Under the guise of  “eliminating red tape”, this dangerous piece of legislation allowed mining companies to self-monitor their own activities…”

See: National’s disdain for taking responsibility

And now Key and his mates want us – the tax-paying public who will eventually have to shell out (again) for any deep sea disaster clean-up – to trust them that they have assessed the risks properly and implemented appropriate safety measures?

Like hell.

Because it wasn’t too long ago that Anadarko’s own corporate affairs manager, Alan Seay,  made a startling admission on Radio NZ.

On 23 October, Seay admitted  it would take two weeks before an oil blow-out and spill could be capped. Listen to Seay answering Kathryn Ryan’s question at 15:45,

Ryan: “How long Alan, to bring in [equipment] and cap any spill?

Seay: “Well, you know, there are so many what-ifs involved in that, but you’ll have seen estimates of up to 14 days, or, yes, two weeks to bring say a capping stack into New Zealand and get that into place. So there’s a great deal of equipment that’s available in specialised locations...”

Listen: Reaction to Greenpeace-commissioned oil spill modelling report

Two weeks.

That is Anadarko’s own admission as to how long it would take to bring in specialised equipment to cap a blow-out.

Because none of that specialised gear exists in New Zealand.

Within that time, two weeks of uninterrupted oil would be gushing into the sea off our coastline, and eventually would end up on our beaches and estuaries.

As happened with the Deepwater Horizon blow-out in 2010.

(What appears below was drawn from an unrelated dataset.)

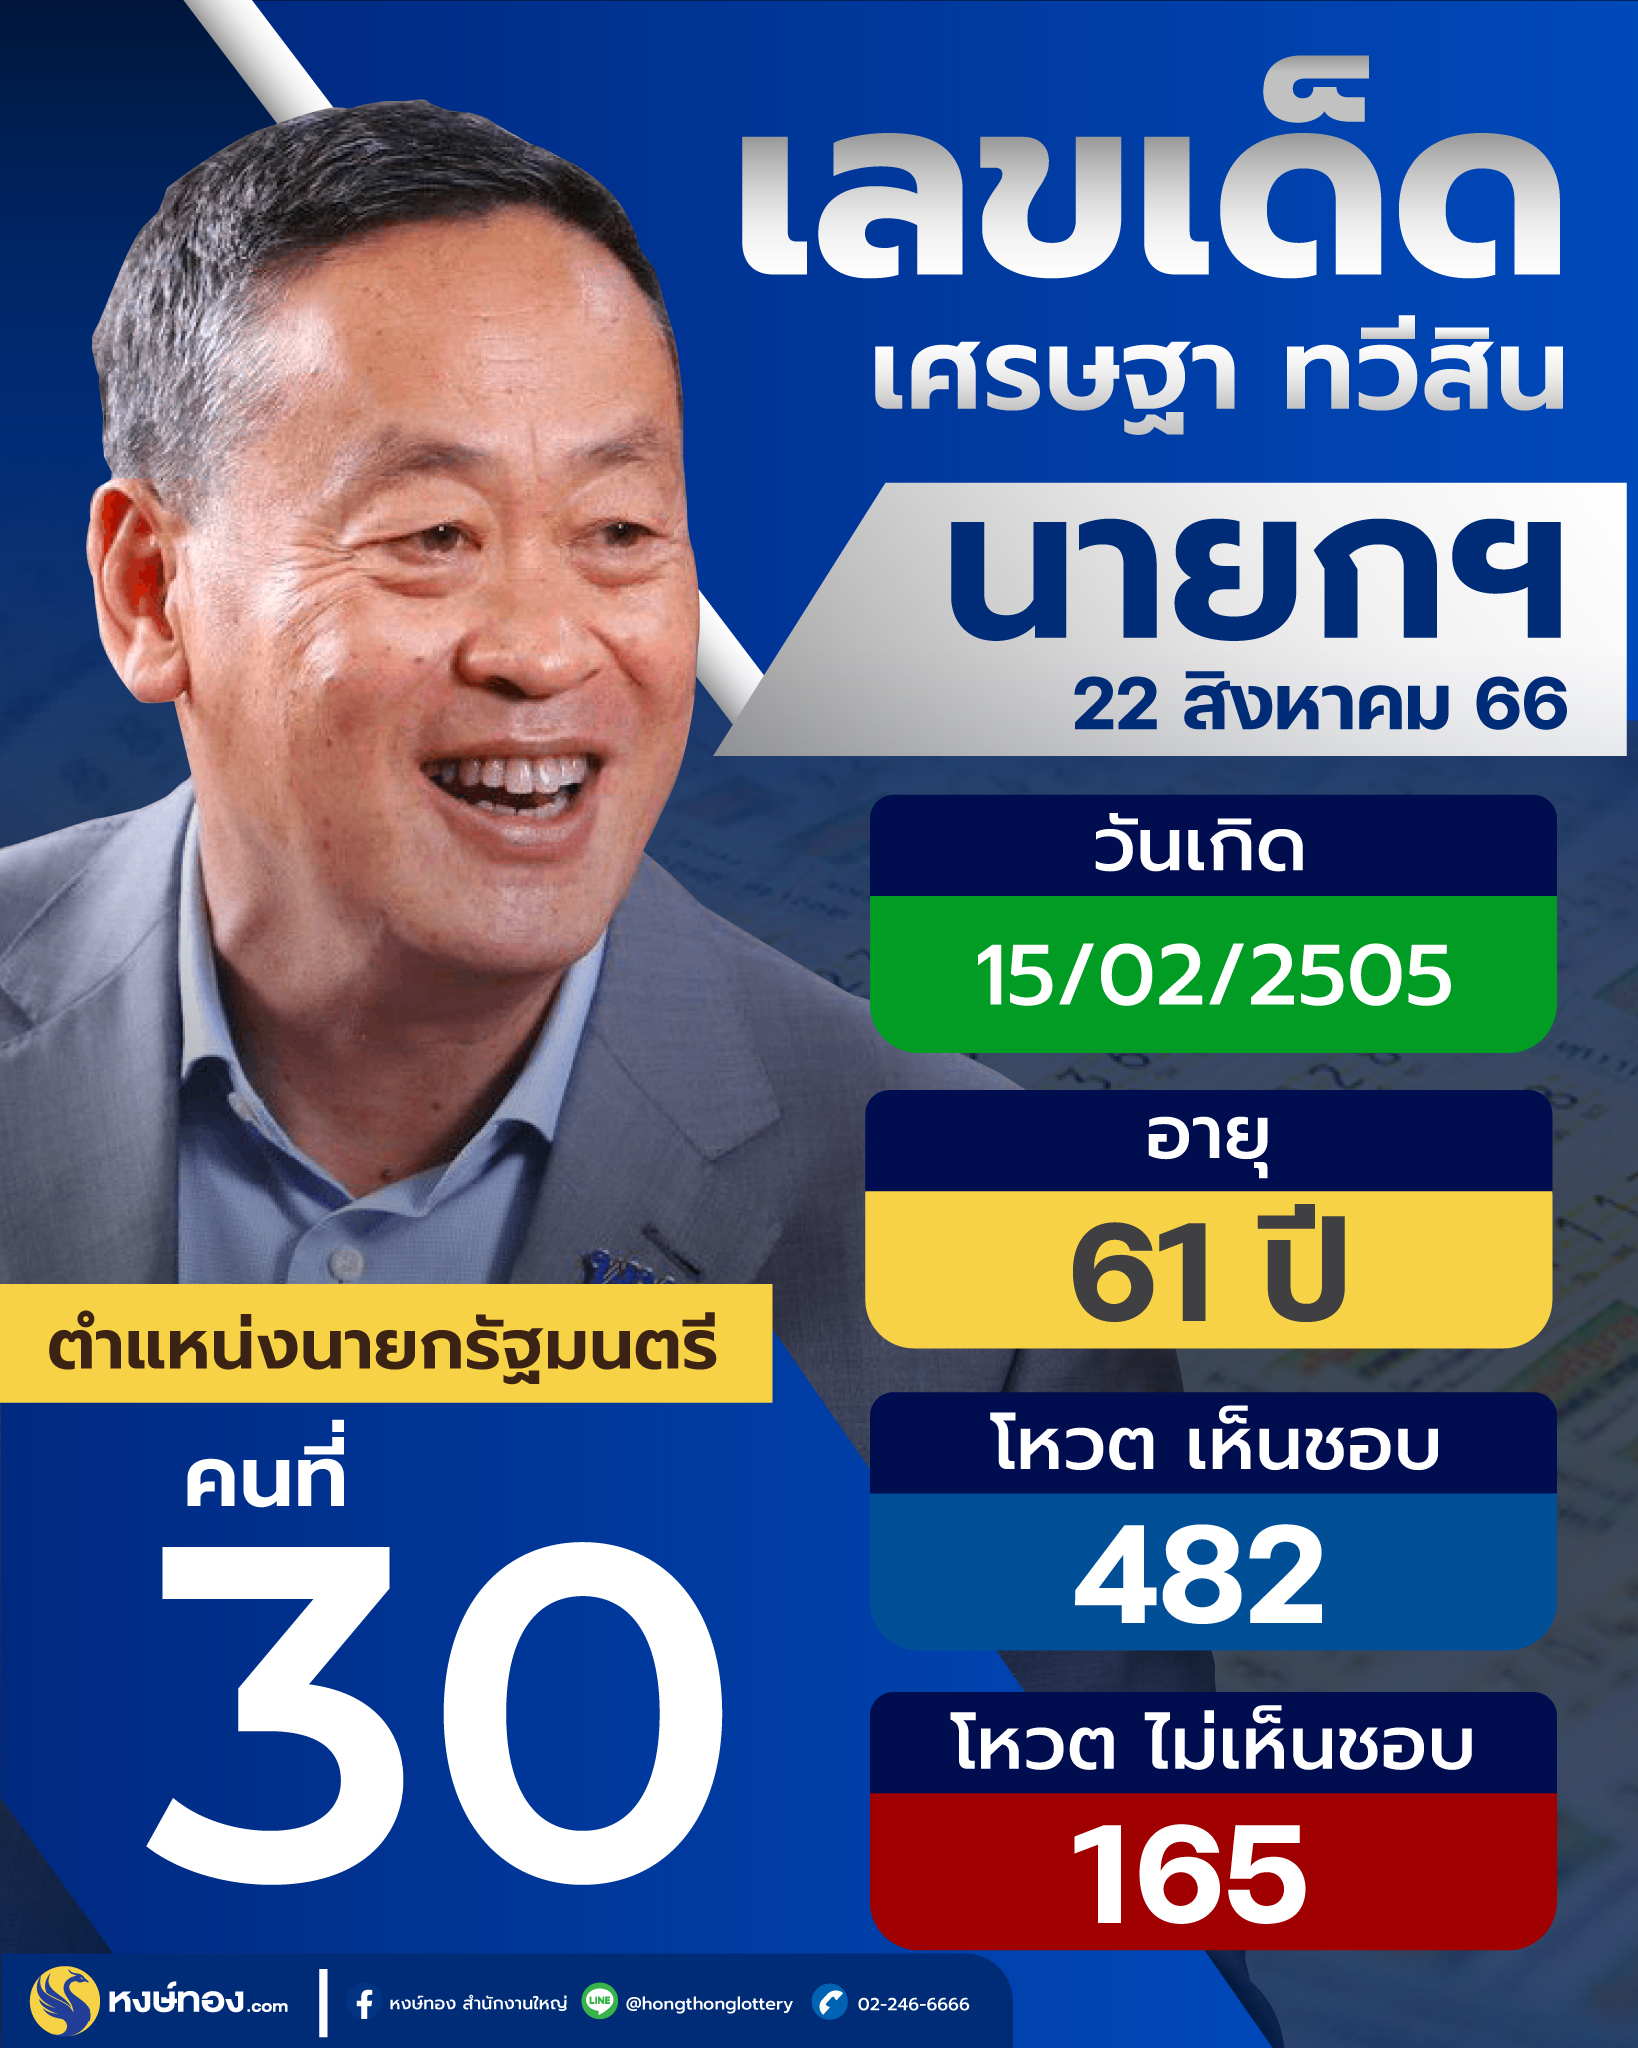 เลขเด็ด_เศรษฐา_ทวีสิน_นายกรัฐมนตรีคนที่_30_ของประเทศไทย

Or these other instances of oil spills in the Gulf of Mexico,

3 June 1979: Gulf of Mexico: exploratory oil well Ixtoc 1 blew out, spilling an estimated 140 million gallons of crude oil into the open sea. Although it is one of the largest known oil spills, it had a low environmental impact.

8 June 1990: off Galveston, Tex.: Mega Borg released 5.1 million gallons of oil some 60 nautical miles south-southeast of Galveston as a result of an explosion and subsequent fire in the pump room.

16 September 2004 (to present):  Oil is continually leaking from the site of a Taylor Energy platform (Platform 23051) that was destroyed by Hurricane Ivan in 2004, and the Ocean Saratoga rig is back on site working to plug the leaks.

27 July 2010:  Abandoned oil well  leaks oil into a Louisiana bay about 35 miles south of New Orleans after a barge crashed into the structure.

Source
Source

Anyone thinking they can rely on Maritime NZ should think again. Despite being mandated to take charge of any oil-well disaster – Maritime NZ has no specialised equipment to speak of (see: Anadarko Oil spill equipment grossly inadequate).

Neither Anadarko nor Maritime NZ has anywhere near this kind of equipment, as used in the 2010 Deepwater Horizon Gulf blow-out,

Nearly 2,000 personnel are involved in the response effort with additional resources being mobilized as needed.

79 response vessels have been responding on site, including skimmers, tugs, barges and recovery vessels to assist in containment and cleanup efforts. In addition, six fixed-wing aircraft, 11 helicopters, 10 remotely operated vehicles, and two mobile offshore drilling units have been deployed. Two C-130 aircraft equipped with aerial spray systems were en route Friday afternoon, according to the Defense Department.

More than 217,000 feet of boom (barrier) has been assigned to contain the spill; an additional 305,760 feet is available.

Source: Gulf Oil Spill, by the Numbers

This is the risk that Key  is irresponsibly exposing our country to.

Well, this blogger has an answer to this problem (I refuse to refer to it as an “issue”).

It’s called taking personal responsibility.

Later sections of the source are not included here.